AI Retrieval Intelligence Engine – Deterministic Citation Likelihood & Structural Extractability Modeling Platform_
Section-aware retrieval scoring system designed to evaluate structural extractability, informational density, topic reinforcement strength, and citation readiness for AI-powered search systems using deterministic backend modeling.
Project Overview
AI-powered search systems retrieve and cite content differently from traditional ranking-based search engines.

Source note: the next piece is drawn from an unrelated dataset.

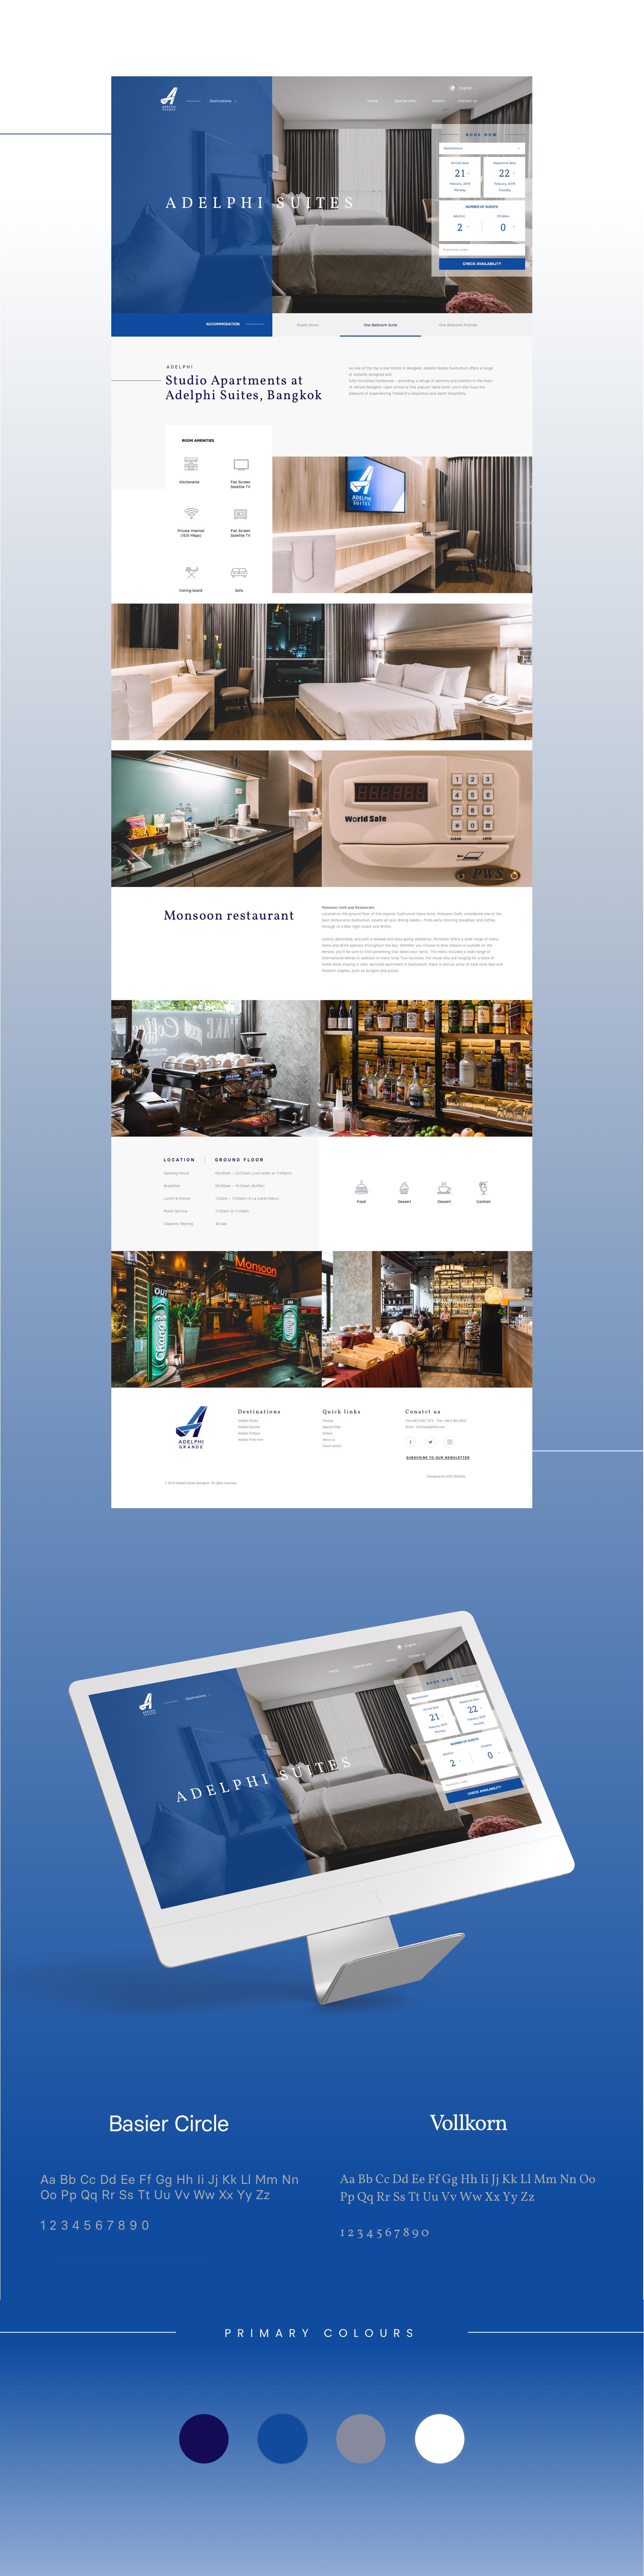 KOS Design - Adelphi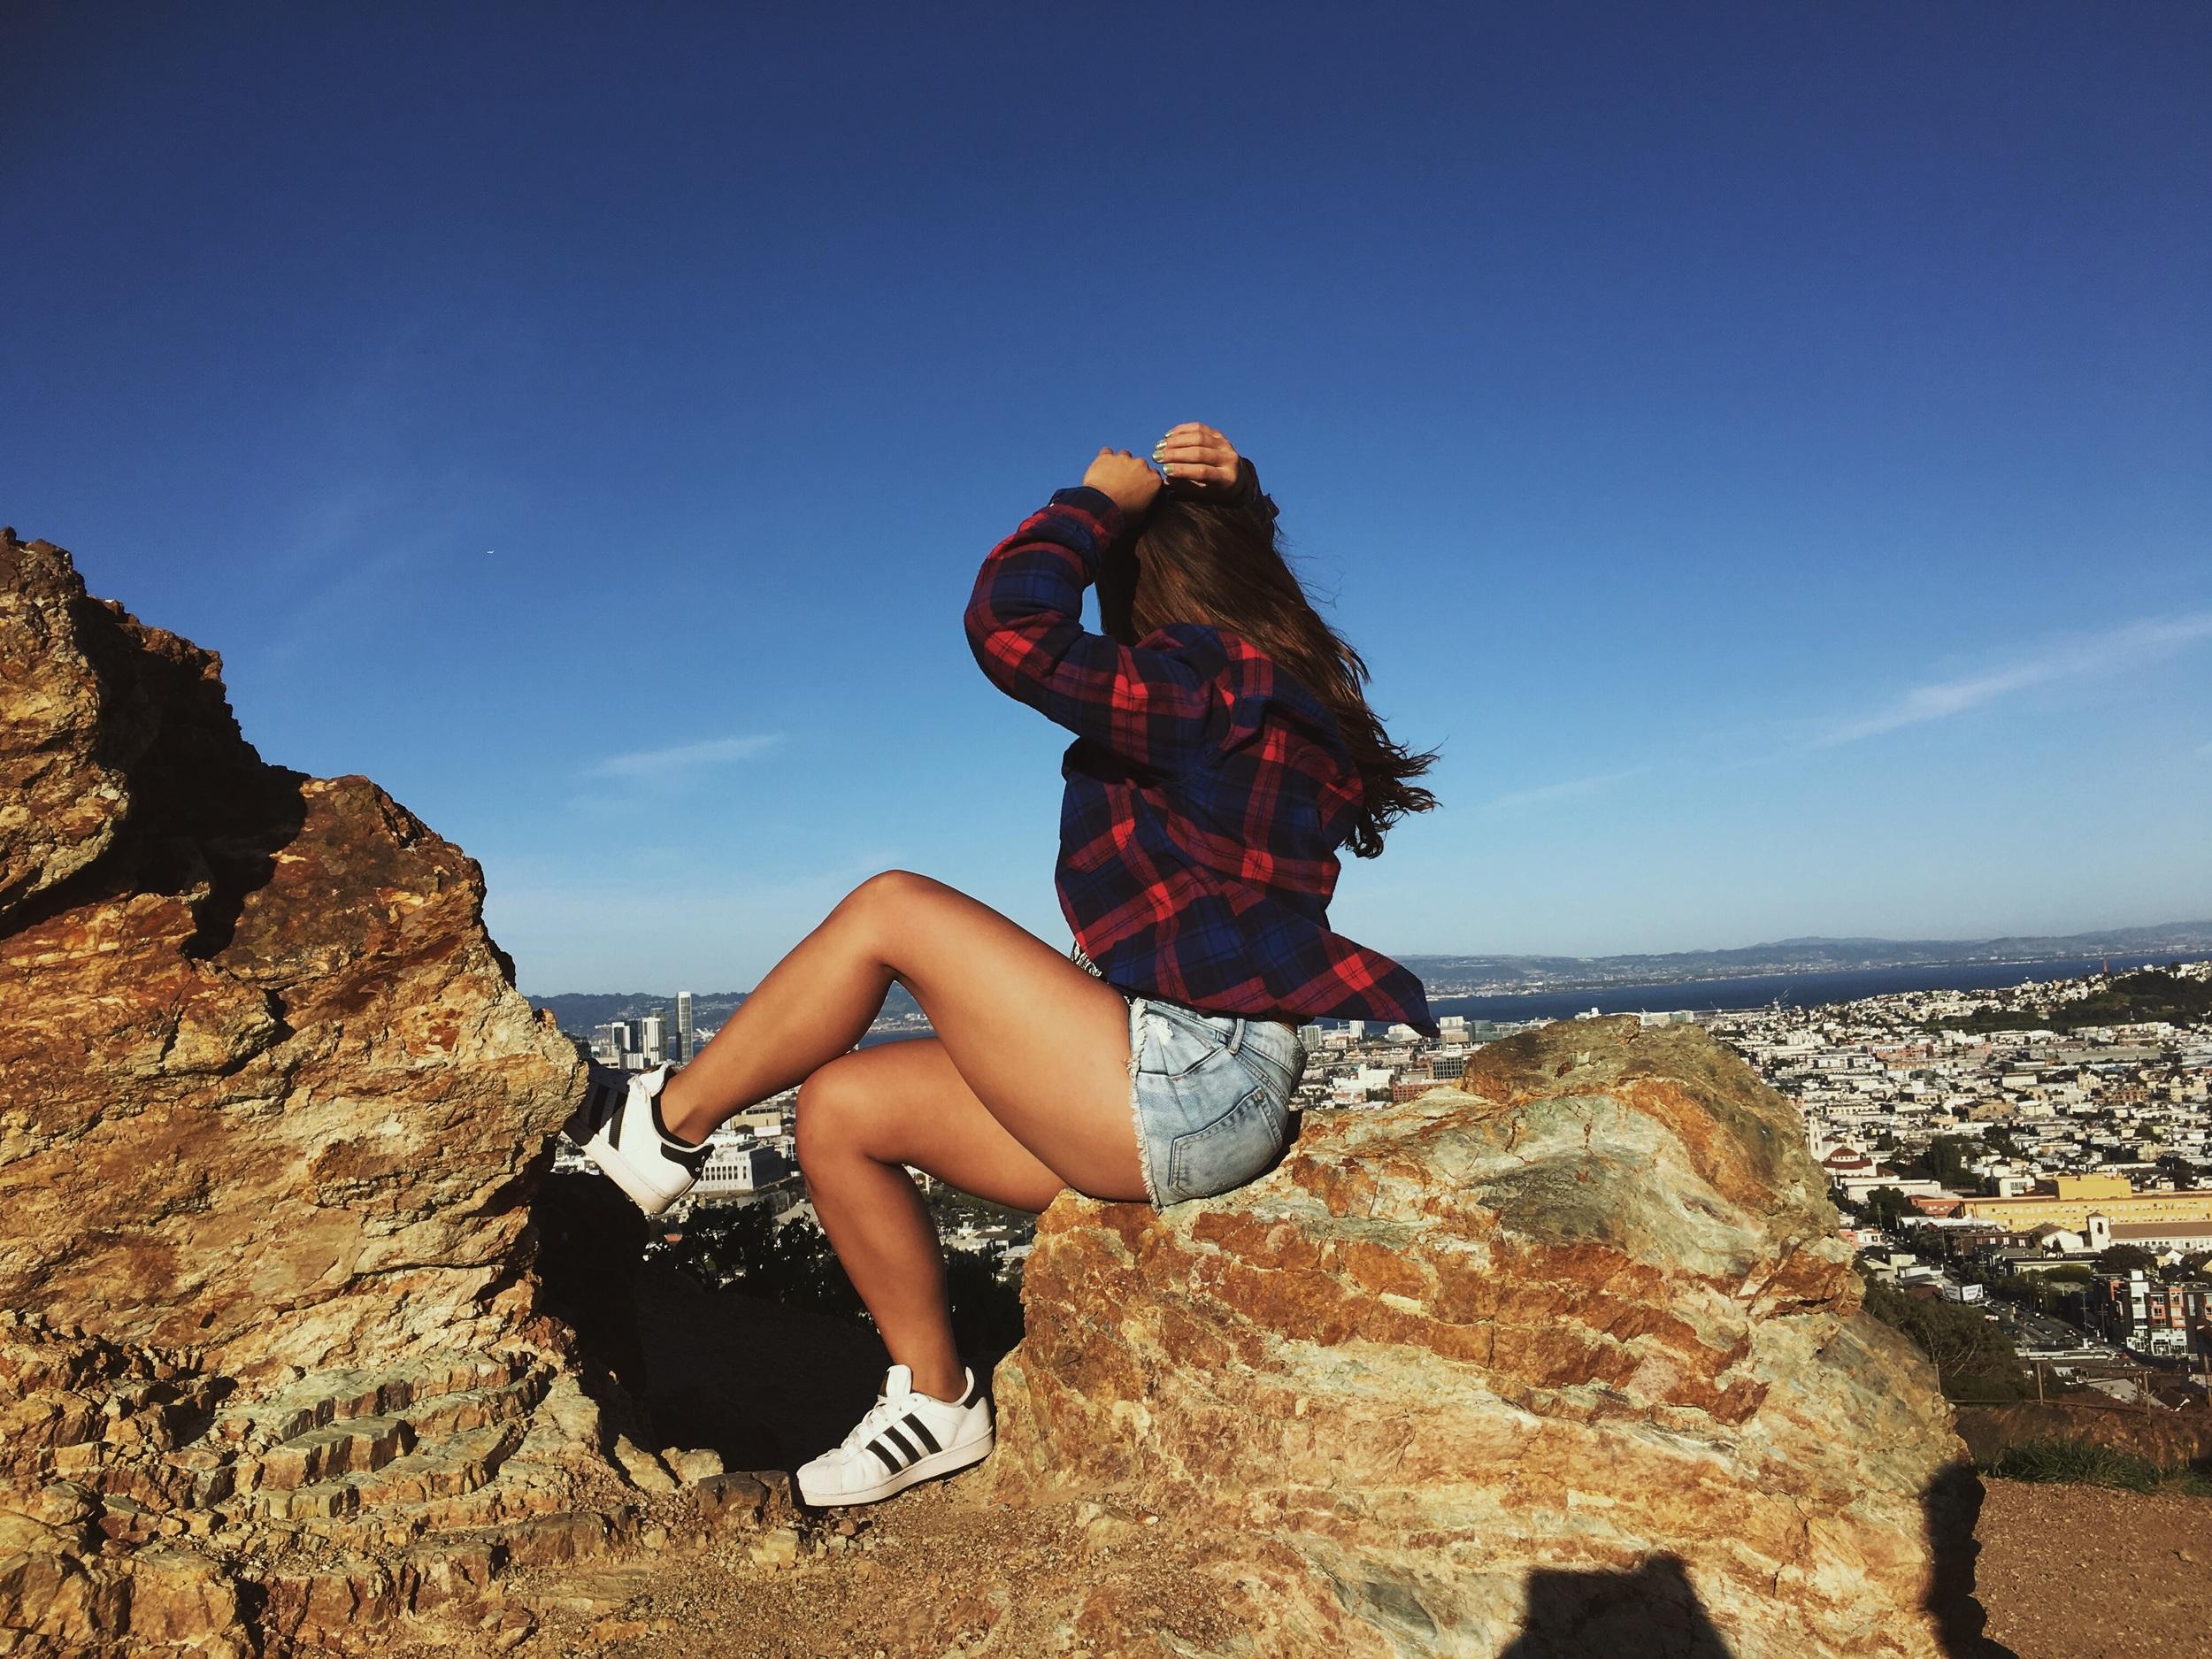 Model: Brianna Abalos  Photographed by: Andrew Krigsman  Location: San Francisco, CA

Large language models and AI-native interfaces prioritize:
- Structured segmentation
- Informational density
- Topic reinforcement consistency
- Citation-safe content blocks
- Extractable, self-contained sections
Traditional SEO tools measure:
- Keyword rankings
- Visibility indexes
- Backlinks
- Traffic fluctuations
They do not model:
- Structural extractability
- Section-level retrievability
- Topic reinforcement strength
- Informational density by segment
- Citation readiness likelihood
They do not approximate how AI retrieval systems evaluate content blocks.
The AI Retrieval Intelligence Engine was built to solve that gap.
It ingests a live URL, parses structural segmentation, performs lemma-based topic modeling, computes section-level informational density, evaluates entity clarity, and generates deterministic citation readiness scores — all through server-side modeling.
This is not a keyword tool. It is a retrieval intelligence engine.
What It Does
The system ingests:
- Any public URL
- Full HTML structure
- Heading hierarchy
- Visible content sections
Then computes:
- DOM Extractability Score
- Heading Segmentation Quality
- Section-Level Informational Density
- Lemma-Based Topic Reinforcement
- Entity Clarity Modeling
- Tone Neutrality Assessment
- Deterministic Composite Retrieval Score
- Section-Level Informational Ranking
- Weak Section Detection
- Competitive Retrieval Comparison
- Winner Detection Logic
Every metric is derived from deterministic backend modeling — the frontend only renders computed results.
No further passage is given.